The new Fed chair received deserved praise for his “plain English” press briefing in June. However, we thought he struggled a bit in answering a question on the widening gap between the median Fed forecast for the unemployment rate and the estimated “longer-run normal” level—essentially the NAIRU.
He effectively downplayed the significance of the longer-run normal estimate, saying, “We’re learning about the real location of the natural rate of unemployment as we go.” He also pointed out that Fed officials are not forecasting a significant overshoot on inflation. He added, “We can’t be too attached to these unobservable variables… I think we have to be practical about the way we think about these things and we do that by being grounded in the data and what we see happening in the real economy.”

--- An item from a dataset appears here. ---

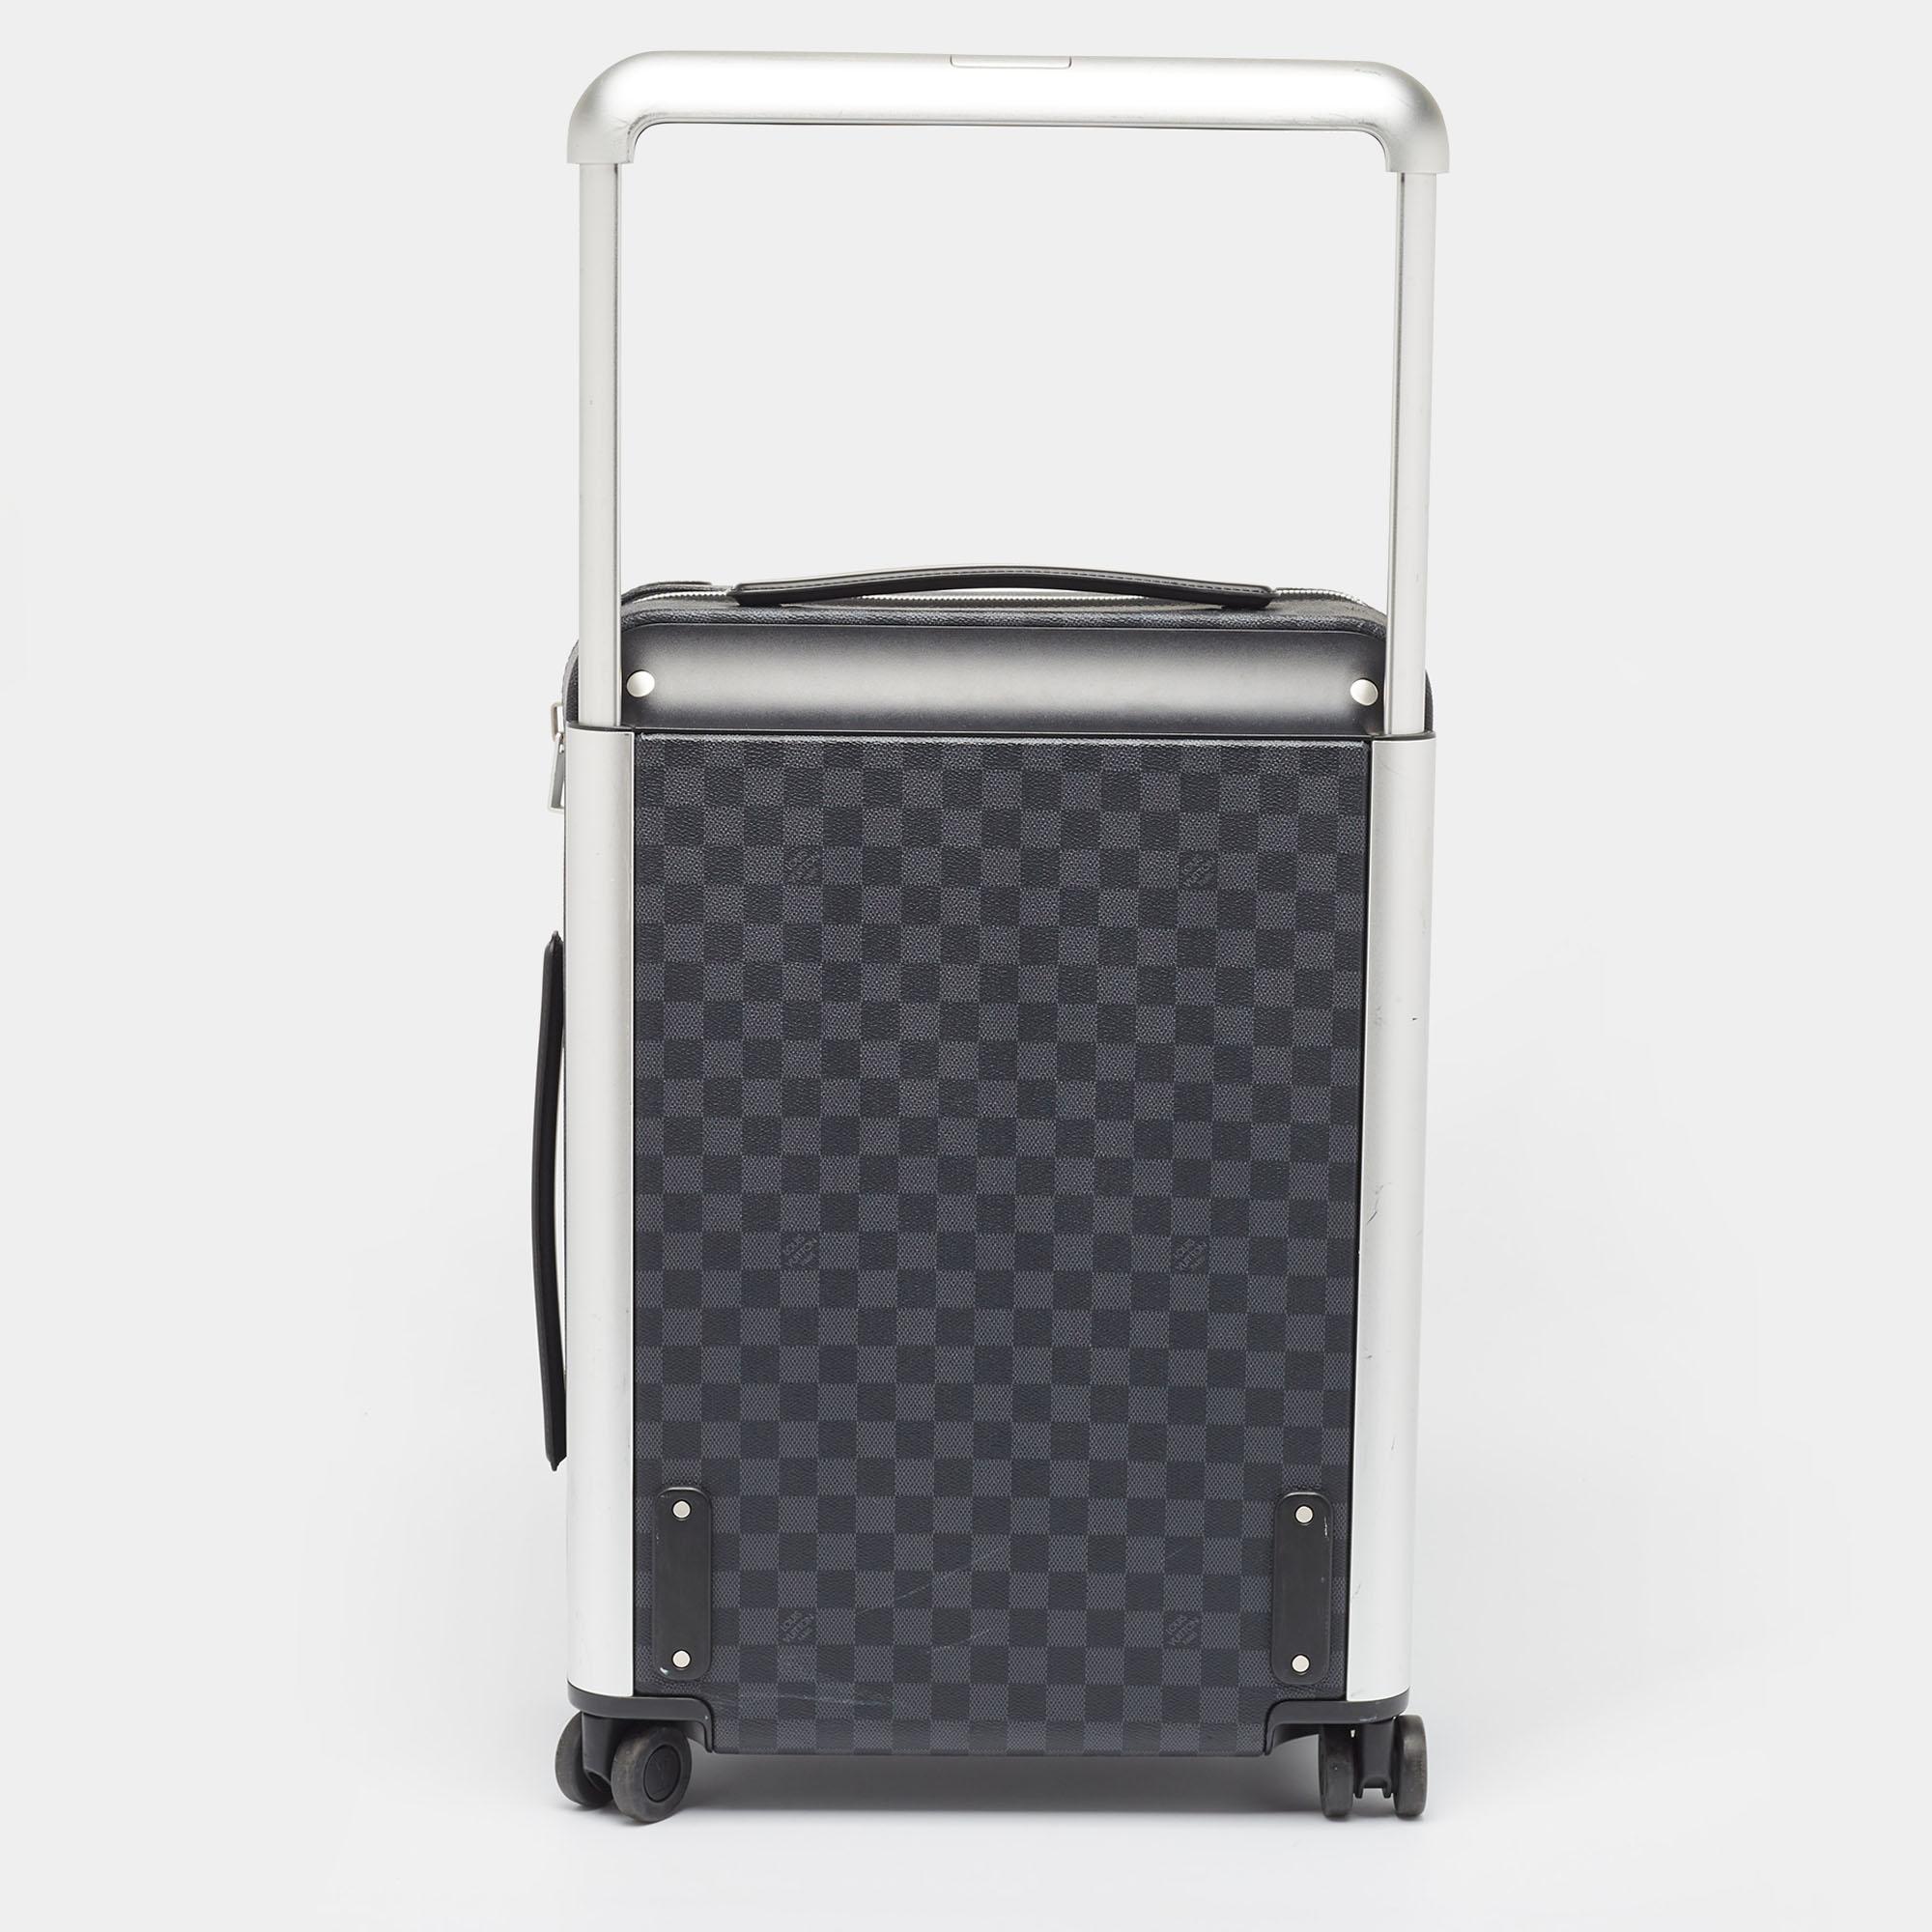 Dieser Koffer, der die legendäre Reisekunst von Louis Vuitton auf elegante Weise weiterführt, ist aus den charakteristischen Materialien gefertigt und besticht durch traditionelle Handwerkskunst und ein innovatives, modernes Design. Leicht, robust

Mr. Powell is right, of course, to take his cue from the data and not just “unobservable variables” such as the NAIRU. However, based on the data, we suspect he is not fully appreciating how tight the labor market is already, as well as the extent to which the unemployment rate is still trending down. The downward momentum in the already low unemployment rate reinforces our view that markets are still pricing in too little Fed tightening over the next year and a half. We see upside risks to the Fed’s projections as well.
A key issue for the Fed will be whether an unsustainably low unemployment rate puts sustained upward pressure on wage gains and inflation, such that they keep rising even after the unemployment rate stops falling. We believe it will, consistent with the NAIRU framework. That is the takeaway from our chart, which lines up acceleration/deceleration in wages in the ECI with the differential between the unemployment rate and the estimated NAIRU.
Along with the unemployment rate, several indicators are signaling an increasingly tight labor market, including the vacancy and compensation series in the NFIB survey, the Conference Board survey data on perceptions of the labor market, and the job openings rate.
The link between a tight labor market and inflation is inevitably more indirect than the link between a tight labor market and wage gains, so we have less conviction that the recent pick-up in core inflation will continue over time. That said, other indicators are suggesting that the pick-up is more than just noise. Acceleration is also being signaled by the core PPI, the New York Fed’s Underlying Inflation Gauge—UIG—series and the NFIB measures tracking the share of firms raising selling prices.
In conclusion, maybe the economy can indeed sustain an unemployment rate as low as 3.5% without a persistent upward bias to inflation, but we are highly skeptical. Nor do we believe Fed officials will be able to nudge the unemployment rate back up without the economy falling into recession. In any event, we believe an end to the downtrend in the unemployment rate will likely require significant Fed tightening first.